Artangel
- Founder: Roger Took
- Purpose: Arts organisation
- Headquarters: 31 Eyre Street Hill London EC1R 5EW
- Coordinates: 51°31′22″N 00°06′37″W﻿ / ﻿51.52278°N 0.11028°W
- Director: Mariam Zulfiqar
- Website: www.artangel.org.uk

= Artangel =

London-based arts organisation

Artangel is a London-based arts organisation founded in 1985 by Roger Took. The organisation was directed from 1991 by James Lingwood and Michael Morris, who stepped down in 2021 after three decades in the role. In 2022, Mariam Zulfiqar was appointed director. Over its history, the organisation has commissioned and produced a string of notable site-specific works, as well as projects for television, film, radio and the web. Notable past works include the Turner Prize-winning House by Rachel Whiteread (1993), Break Down by Michael Landy (2001) and Seizure by Roger Hiorns (2008–2010), also nominated for the Turner Prize in 2009.

A 2002 article in The Daily Telegraph described the organisation as creating "art that operates by ambush, rather than asking you to pay up before you see it", while a 2007 profile in The Observer noted that "Artangel has worked with exceptional artists to produce some of the most resonant works of our time, in some very unusual places". These have included a condemned council flat (Seizure, 2008–2010), a former postal sorting office (Küba, 2005), a vacated general plumbing store (An Area of Outstanding Unnatural Beauty, 2002) and the former Oxford Street branch of the C&A department store (Break Down, 2001).

==Ongoing projects==

While many of Artangel's projects are intrinsically temporary, certain works have a longer-term remit.
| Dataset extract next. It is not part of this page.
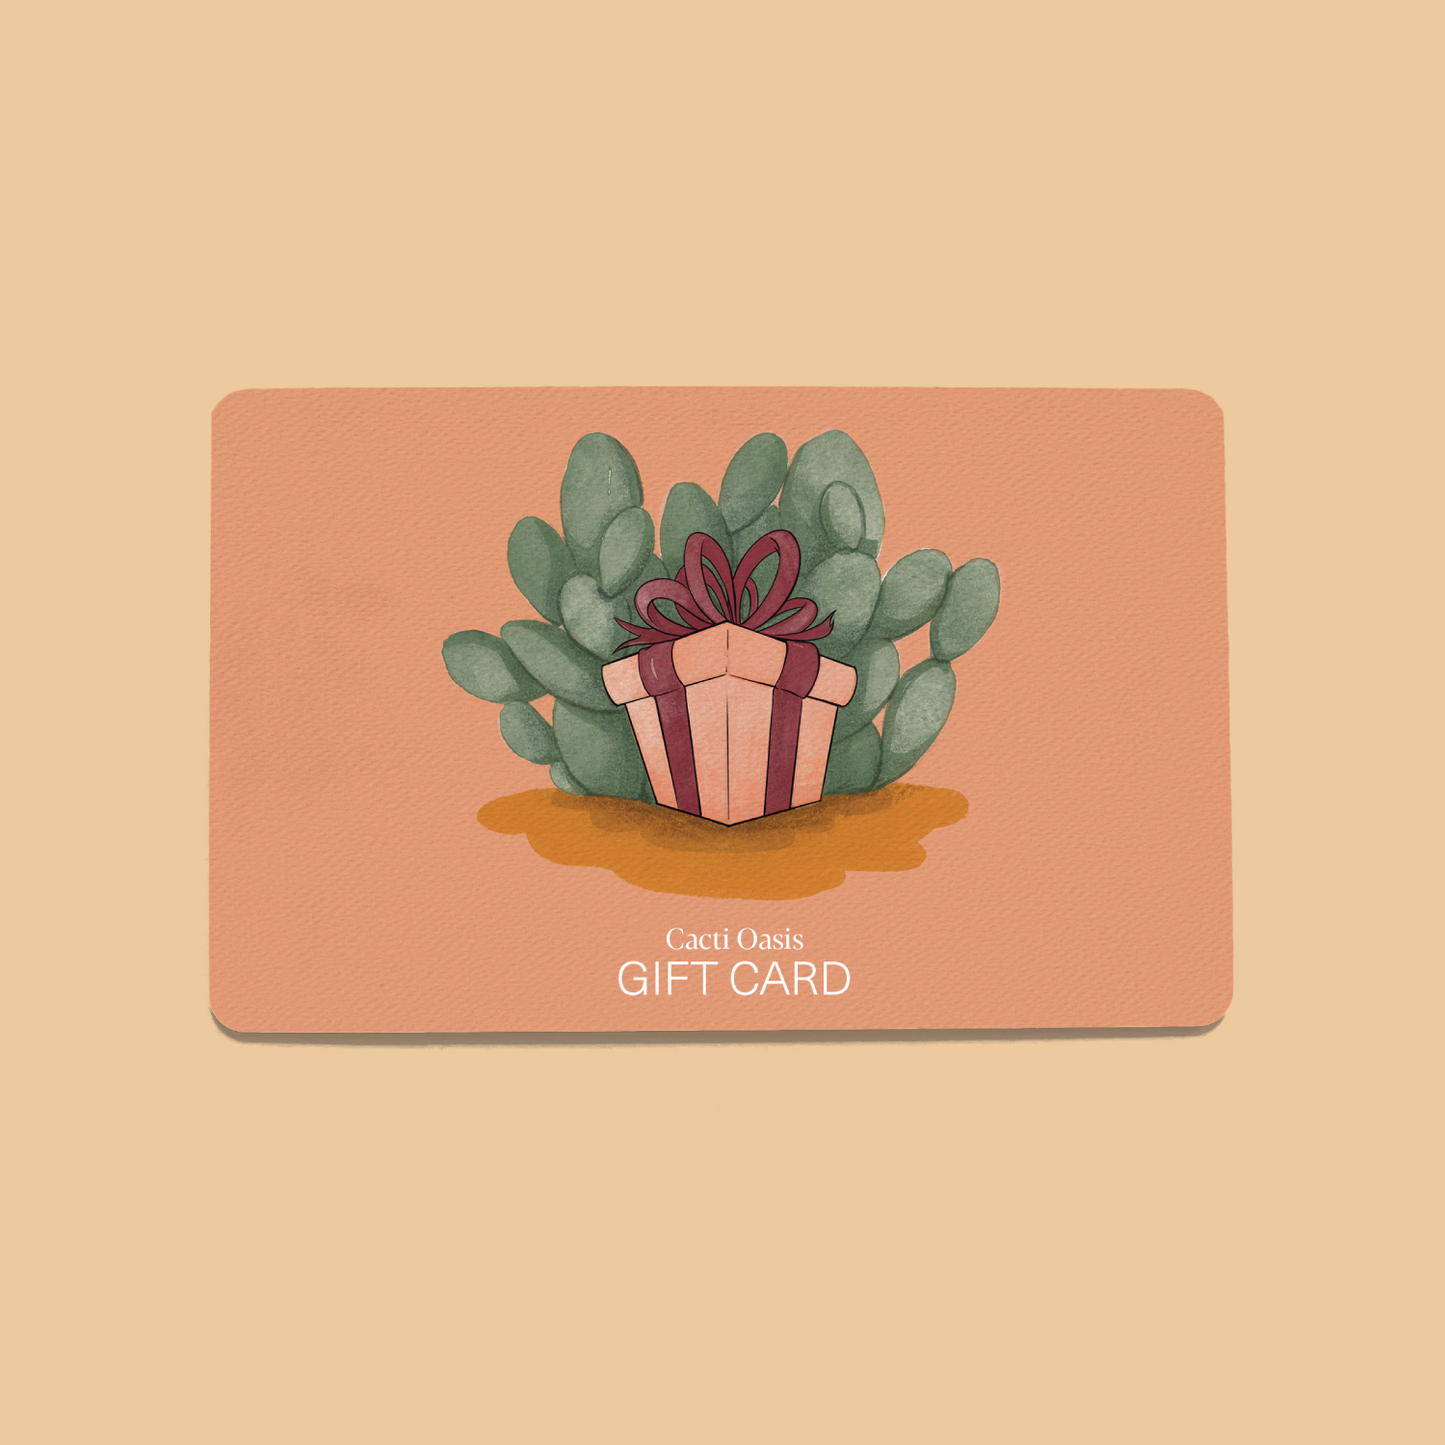 Cacti Oasis Gift Card

1 January 2000 saw the launch of Jem Finer's Longplayer, a musical composition that will continue playing until the end of the year 2999. Longplayer can be heard via an online stream, at listening posts internationally and at occasional live performances.

In 2007, a former municipal library building in the Icelandic town of Stykkishólmur was transformed into VATNASAFN/Library of Water, a project by Roni Horn that includes an archive of glacial water and a selection of weather 'reports' by residents of Iceland. It operates as a community space and is host to a writers' residency programme.
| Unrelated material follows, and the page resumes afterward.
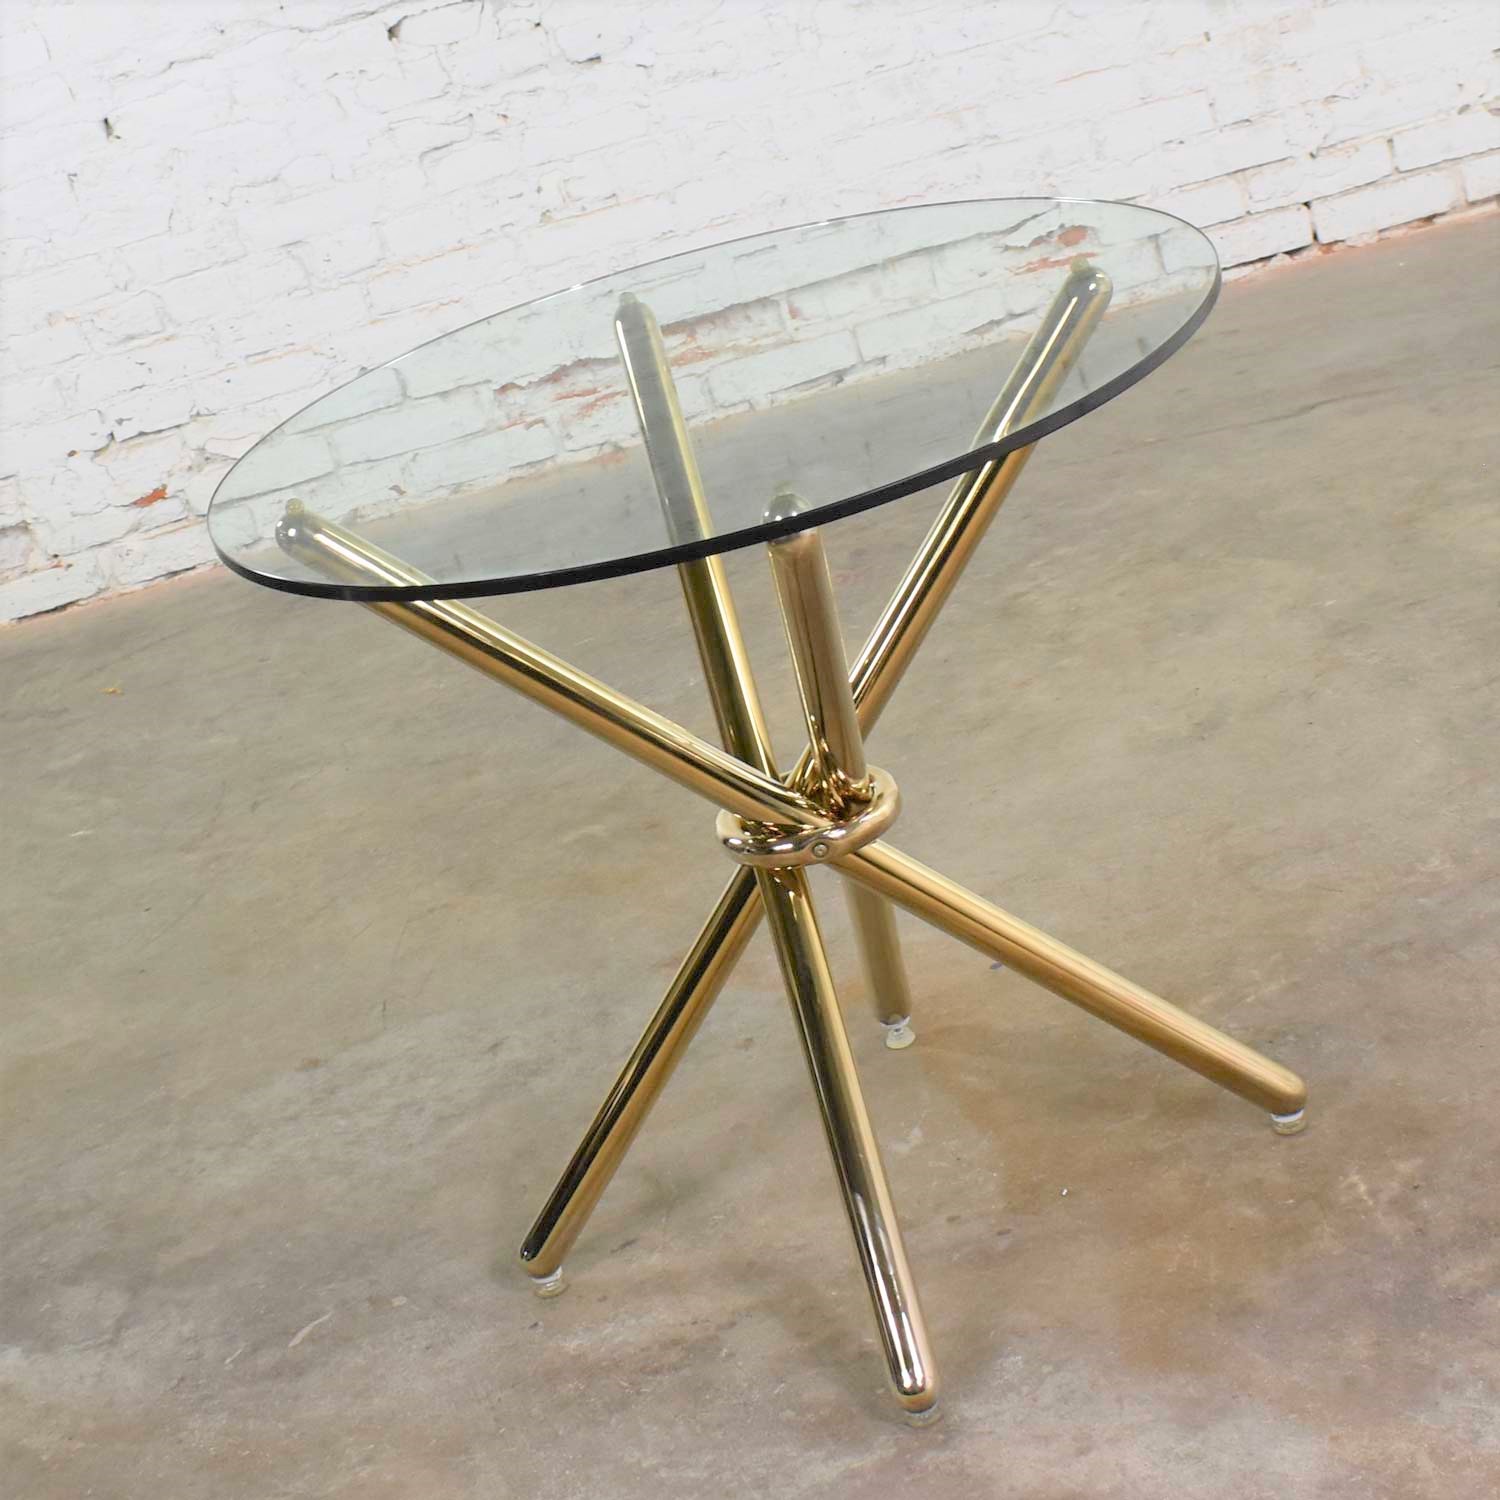 Vintage Modern Brass Plated Jax Center or End Table with Round Glass Top

Ilya and Emilia Kabakov's 1998 work The Palace of Projects resides permanently at a former salt store in the Zollverein Coal Mine Industrial Complex in Essen, Germany.

Notable patrons as special angels include Carolyn Dailey. Artangel were named one of London's most influential curators in 2017 by Something Curated.
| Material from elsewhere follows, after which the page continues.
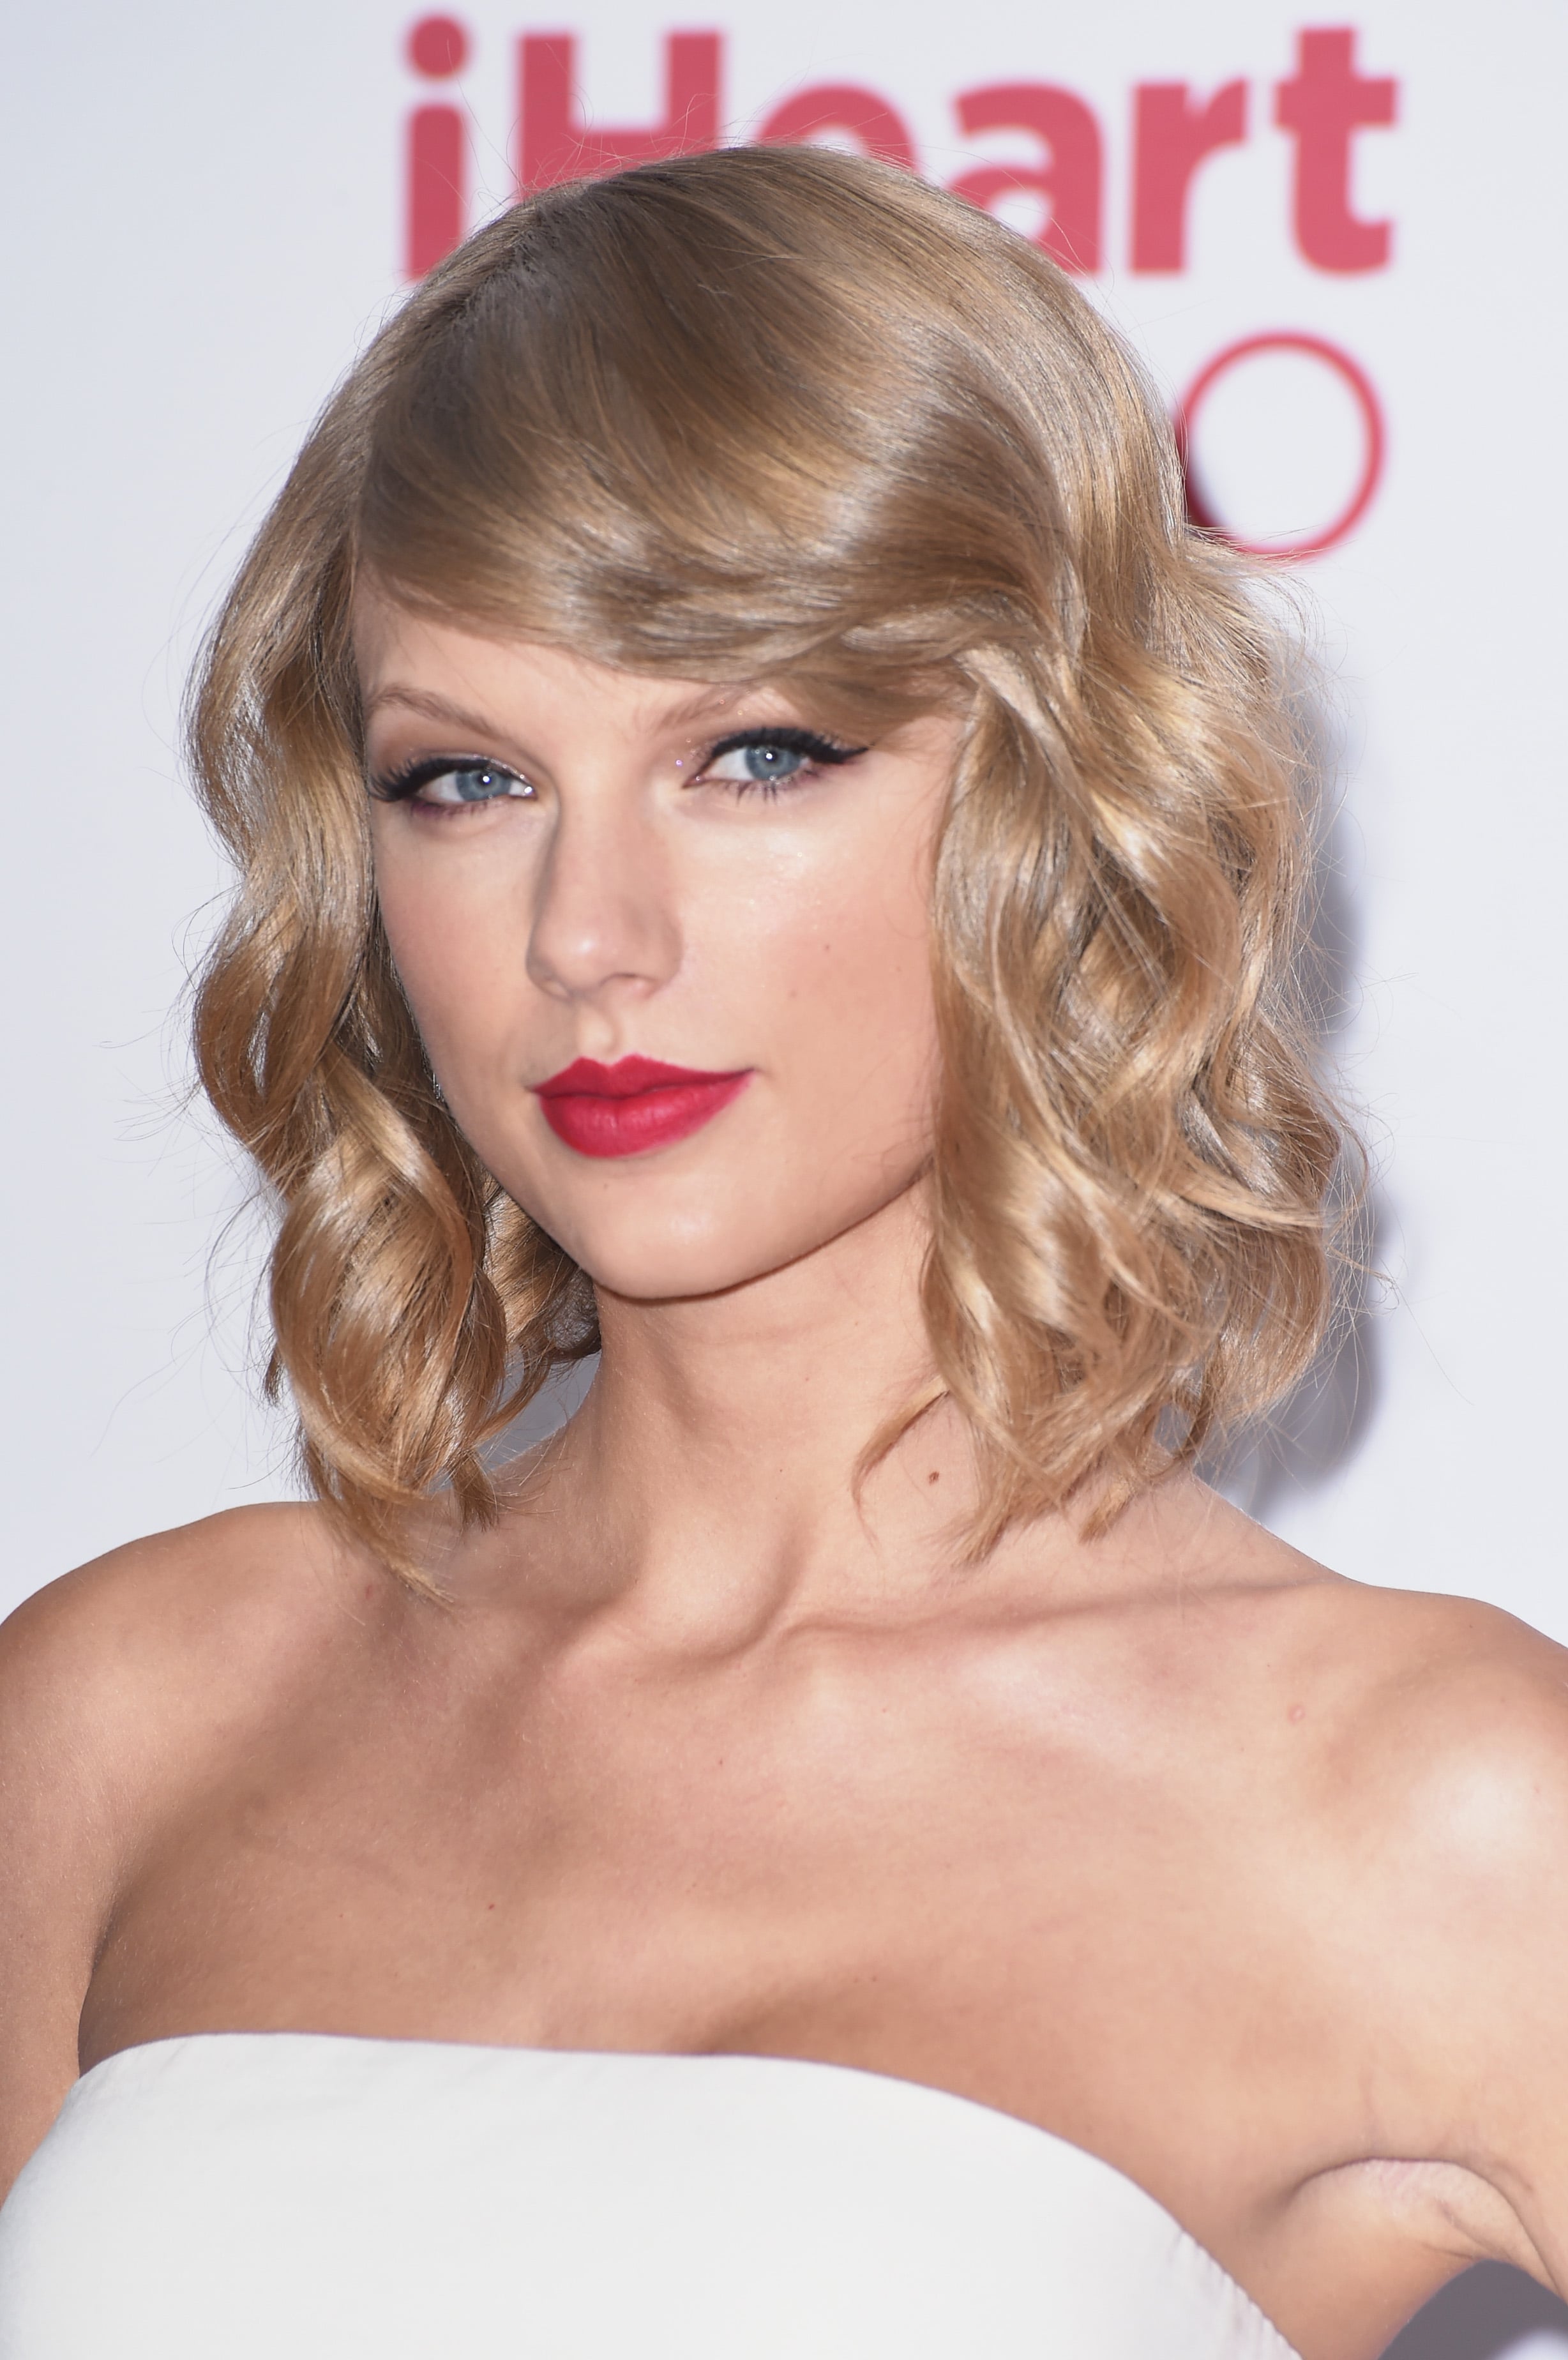 40 Taylor Swift Hairstyles And Haircuts - Celebrities

== The Artangel Collection ==

Works, such as Richard Billingham's Fishtank (1998), Paul Pfeiffer's The Saints (2007) and Francis Alÿs' Seven Walks (2004), continue to be exhibited internationally as part of The Artangel Collection. The collection was launched in partnership with Tate in 2011 to enable notable film and video installations to be presented across the UK. Over 25 moving image works – commissioned by Artangel since 1993 – are available for loan, free of charge, to publicly funded UK museums and galleries.